#### [Goal of the exercise]
Send back the data below exactly. Drop every picture.

#### [Data section]
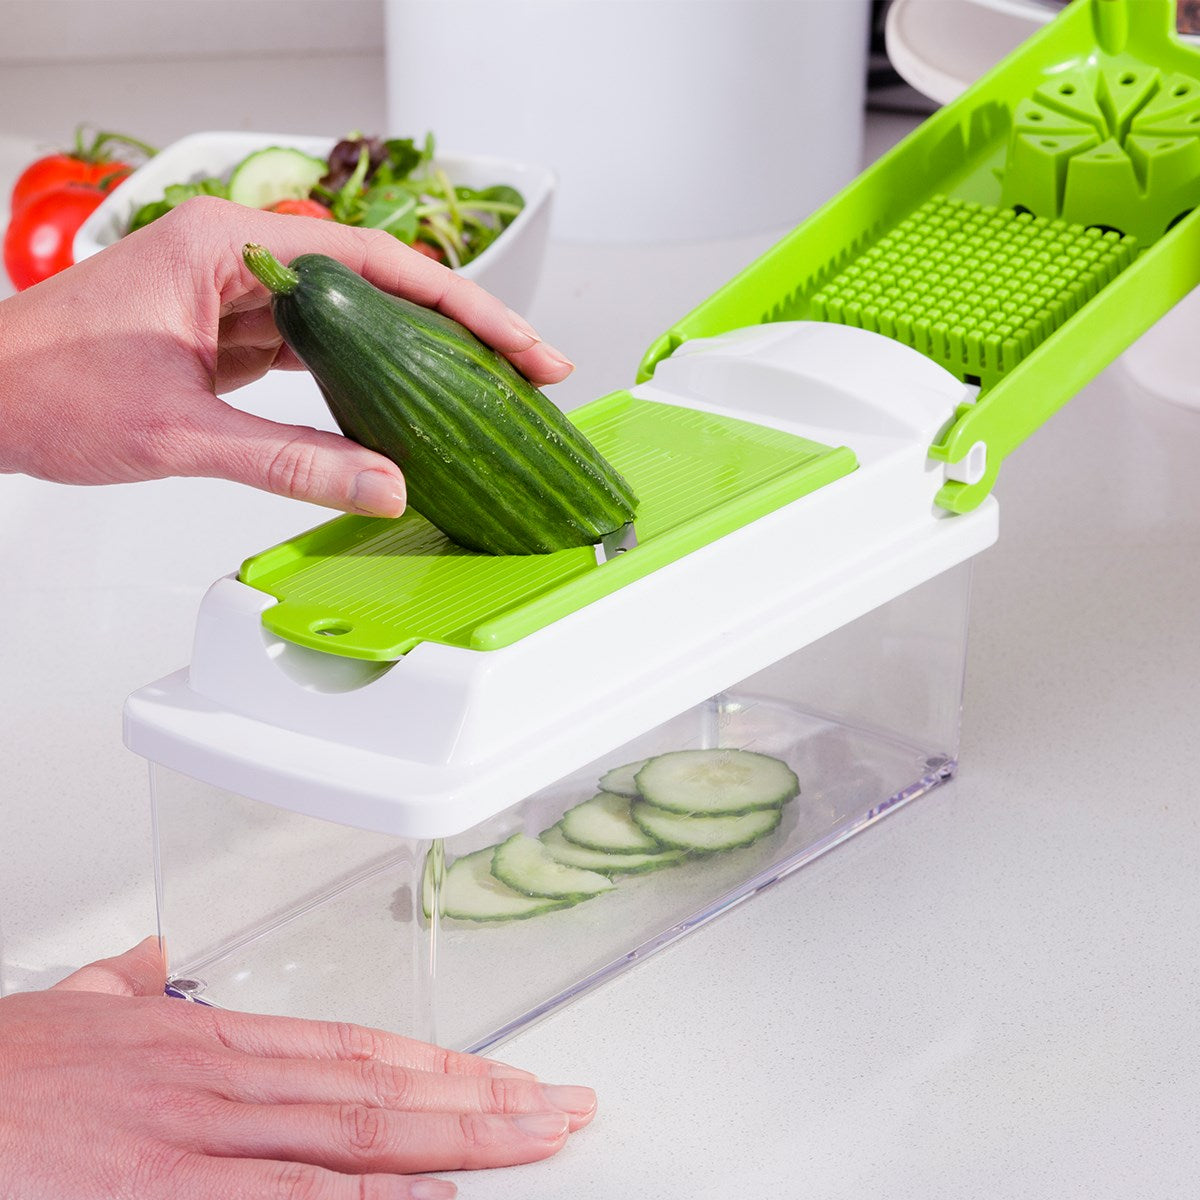 SPEEDY CHOPPER 12 PIECES NICER DICER PLUS FRUIT AND VEGETABLE
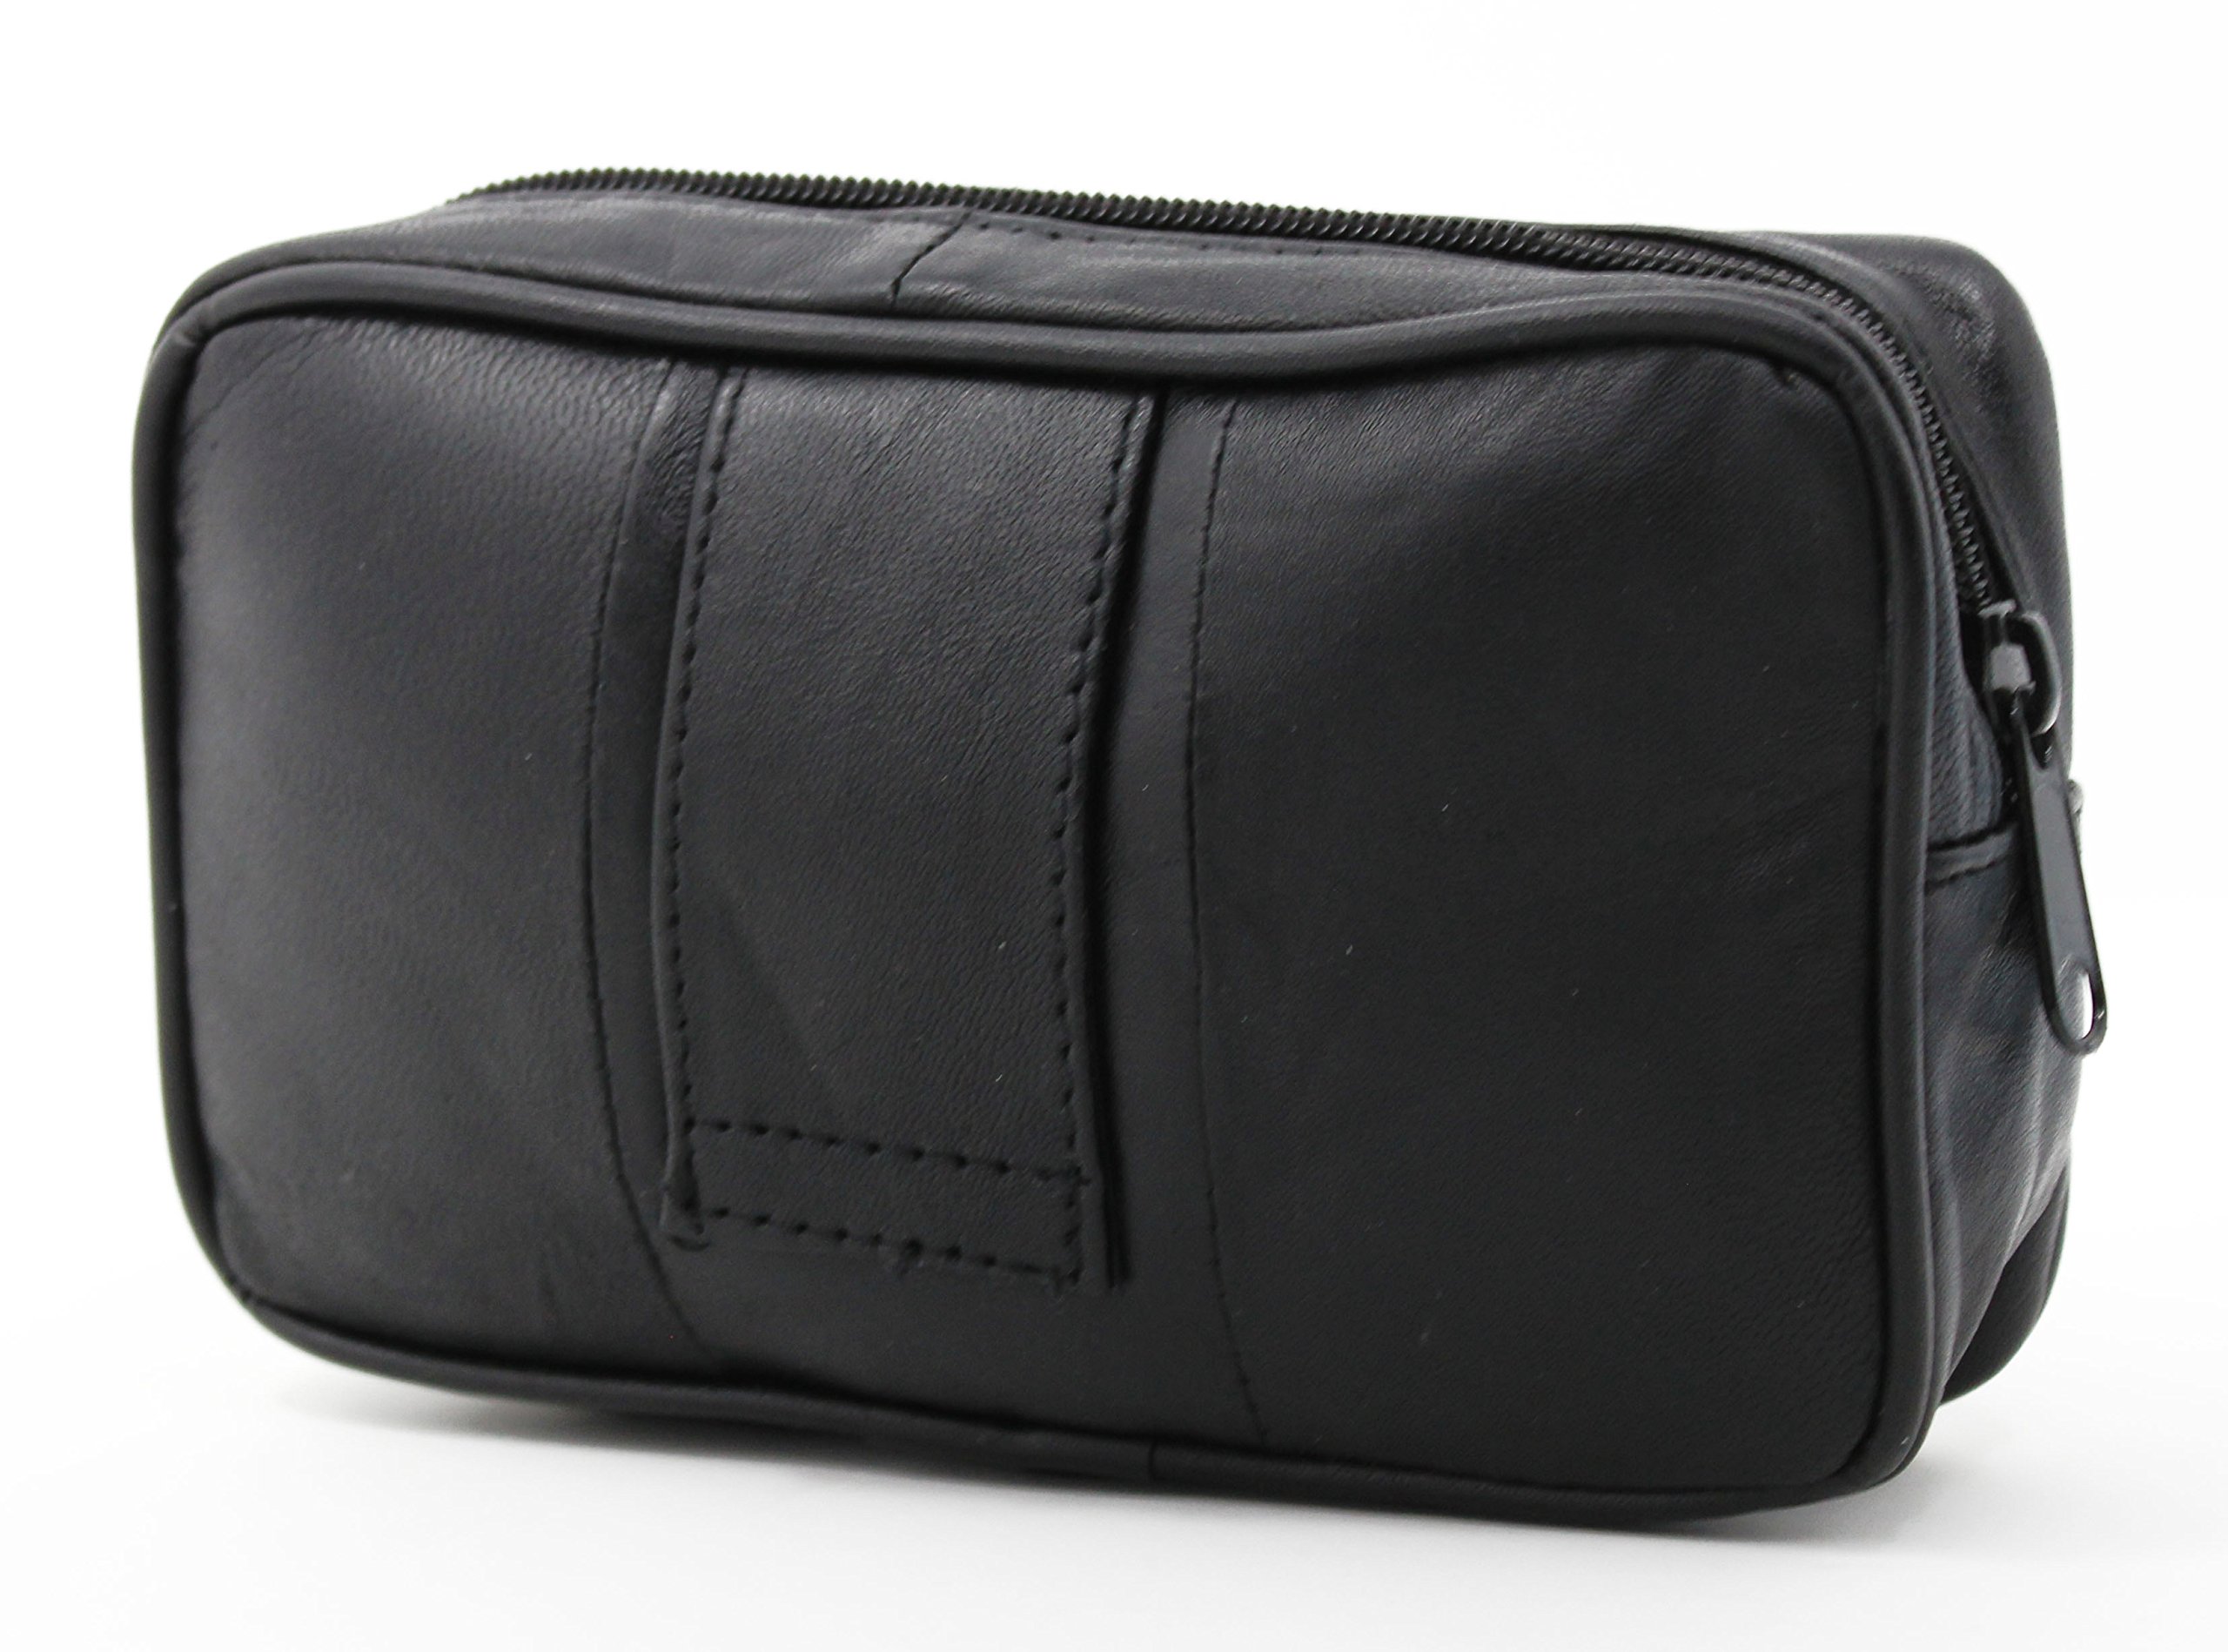 RAS WALLETS Men's Leather Waist Bag Coin Purse Pouch With Belt Loop 17 x 11 x 4.5 Black
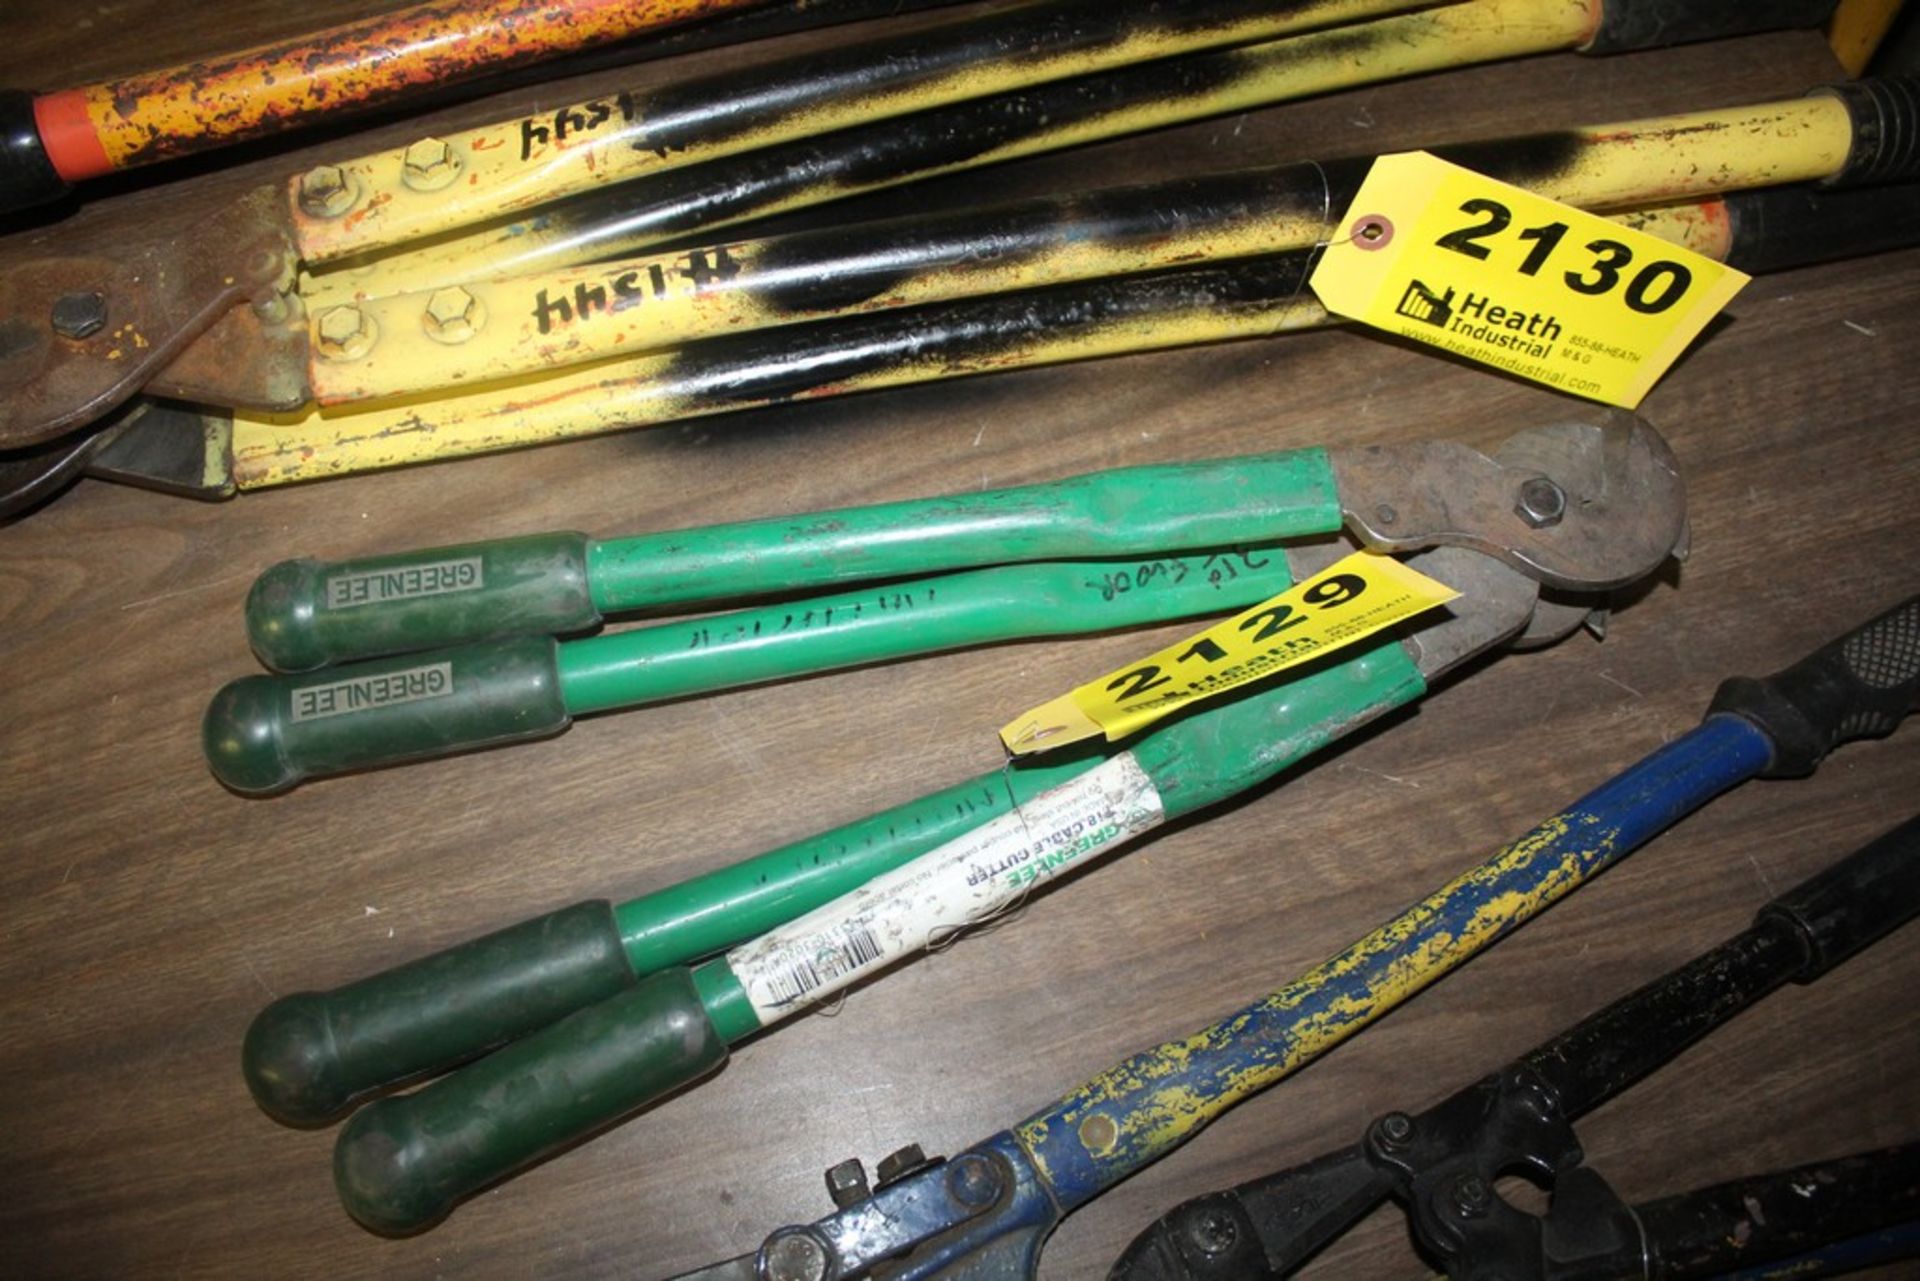 (2) GREENLEE CABLE CUTTERS

#### [Exercise response]
 SPEEDY CHOPPER 12 PIECES NICER DICER PLUS FRUIT AND VEGETABLE
 RAS WALLETS Men's Leather Waist Bag Coin Purse Pouch With Belt Loop 17 x 11 x 4.5 Black
 (2) GREENLEE CABLE CUTTERS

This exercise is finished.